Когда физики в цене - Ирина Львовна Радунская
Шрифт:
Интервал:
Закладка:
Но ни сам Декарт, ни лучшие мастера-оптики не могли изготовить такие линзы. Ньютон дает себе слово добиться успеха. Он изучает геометрию и алгебру и, думая, что решение задачи кроется в расчете сложных поверхностей линз, изобретает точнейшие математические методы для этих расчетов, применяет их с виртуозным искусством и изготавливает удивительные по форме увеличительные стекла. Но… на каком-то этапе работа застопорилась, и не по вине математики или из-за недостатка терпения. Наступил предел возможности увеличивать изображения далеких объектов. Мешали искажения — цветные радужные полоски.
… В Англии — тяжелые времена. Свирепствует чума. Ньютон покидает Кембридж и едет на родину — в деревню Вулсторп. Здесь он живет около двух лет — от августа 1665 года до марта 1667 года. И это оказались удивительные для науки годы. Здесь, в сельской тиши, молодой бакалавр достиг творческого подъема, не повторявшегося ни у него, ни у других за последующие триста лет. Именно здесь — тогда Ньютону шел двадцать третий год — он создал математический анализ бесконечно малых (по теперешней терминологии дифференциальное исчисление) и, применив его к физическим задачам, положил начало современной математической физике. Здесь он глубоко продумал проблему всемирного тяготения. Здесь он своими руками и на свои скудные средства создает оптическую лабораторию и проводит удивительные оптические исследования. Под впечатлением теории радуги, построенной Декартом на основе остроумных и точных методов, Ньютон начал знаменитые опыты с целью установить природу света. Именно здесь, в комнате материнского дома, Ньютон произвел свой легендарный опыт разложения солнечного света.

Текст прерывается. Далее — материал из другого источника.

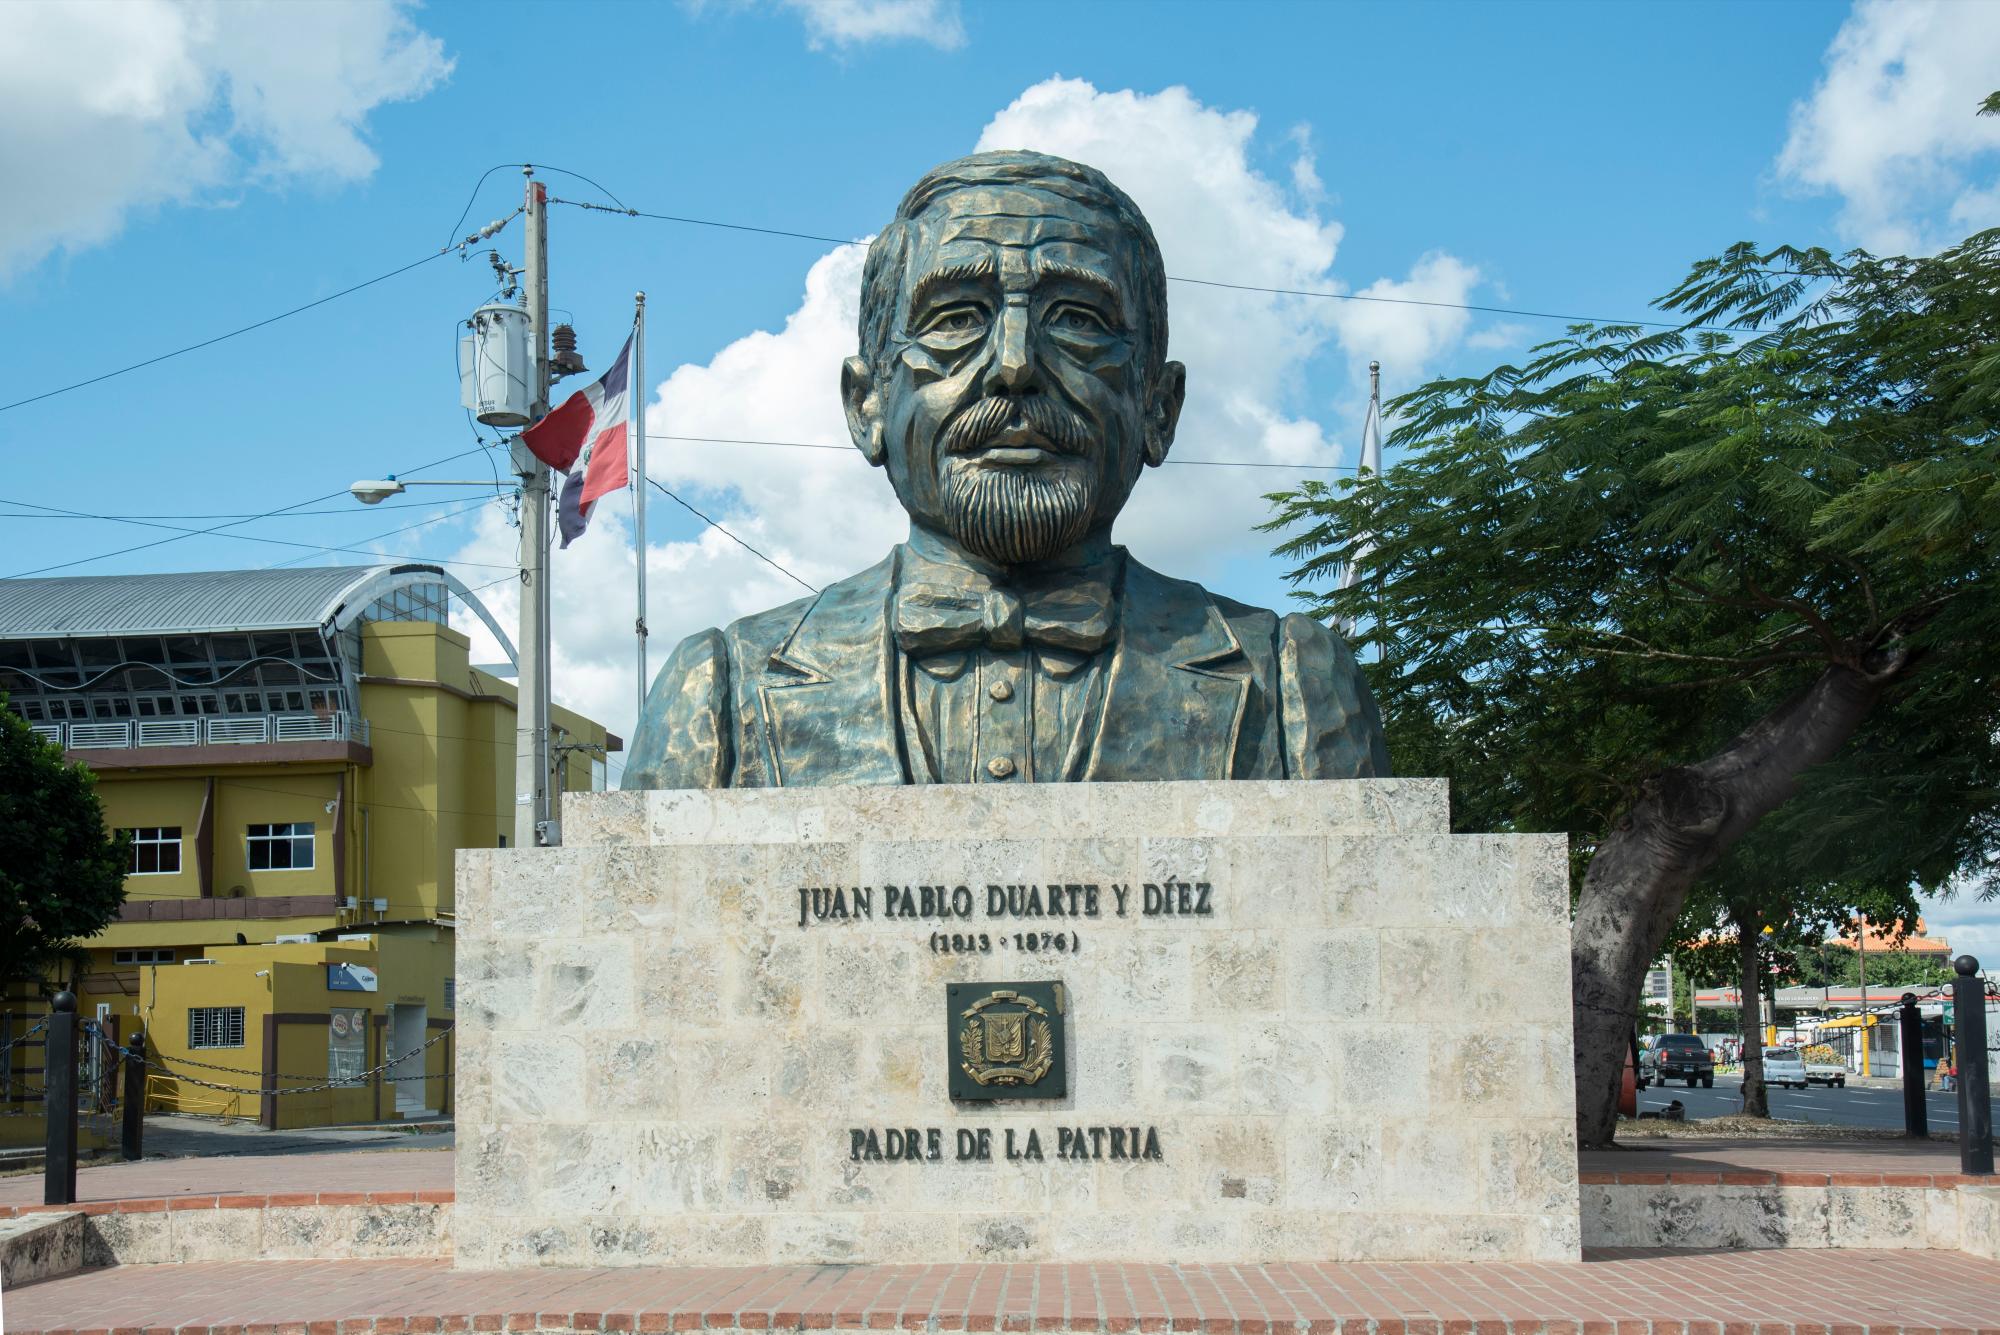 Bustos al Padre de la Patria, Juan Pablo Duarte y Diez

Он поставил на пути солнечного луча стеклянную призму, и белый луч, пройдя через грани этого препятствия, рассыпался на семь цветных лучиков. Ньютон увидел на стене своей комнаты семь цветных полосок — искусственную радугу — красную, оранжевую, желтую, зеленую, голубую, синюю, фиолетовую. (Чтобы запомнить последовательность цветов солнечного спектра, надо заучить шуточную фразу: Каждый Охотник Желает Знать, Где Сидит Фазан.)
Как могло случиться, что столько людей изучали свет, видели многоцветье радуги и радужных полос, образуемых призмами, видели, но не поняли, что все эти цвета содержатся в белом свете?
Ньютон увидел и победил. Это было его великим прозрением.
Завершив эти изумительные опыты, он продолжает поиски в области оптики: наблюдает отражение и преломление лучей на границах разных сред. Все эти работы он проводит, используя призмы и линзы, без которых еще не обходился ни один оптик. Он сам шлифует и собирает их в сложные конструкции. Он пользуется не только призмами из стекла, но и наполненными водой. Все опыты без исключения убеждают его: процесс разложения белого света не зависит от состава призм, только от формы. Это не так, но ученый, готовя водяные линзы, добавлял к дождевой воде свинцовый сахар. Эта добавка делала воду еще более прозрачной, чем дождевая вода. Однако Ньютон не учел, что добавка свинца увеличит плотность воды и эта вода по оптическим свойствам станет близкой к его стеклу. «Значит, надо отказаться от использования в телескопах любых линз и искать радикально другое решение», — подумал ученый. Он пришел к мысли применить в телескопах зеркало и создал свой зеркальный телескоп. Так ошибка привела к открытию, а самого Ньютона — к славе.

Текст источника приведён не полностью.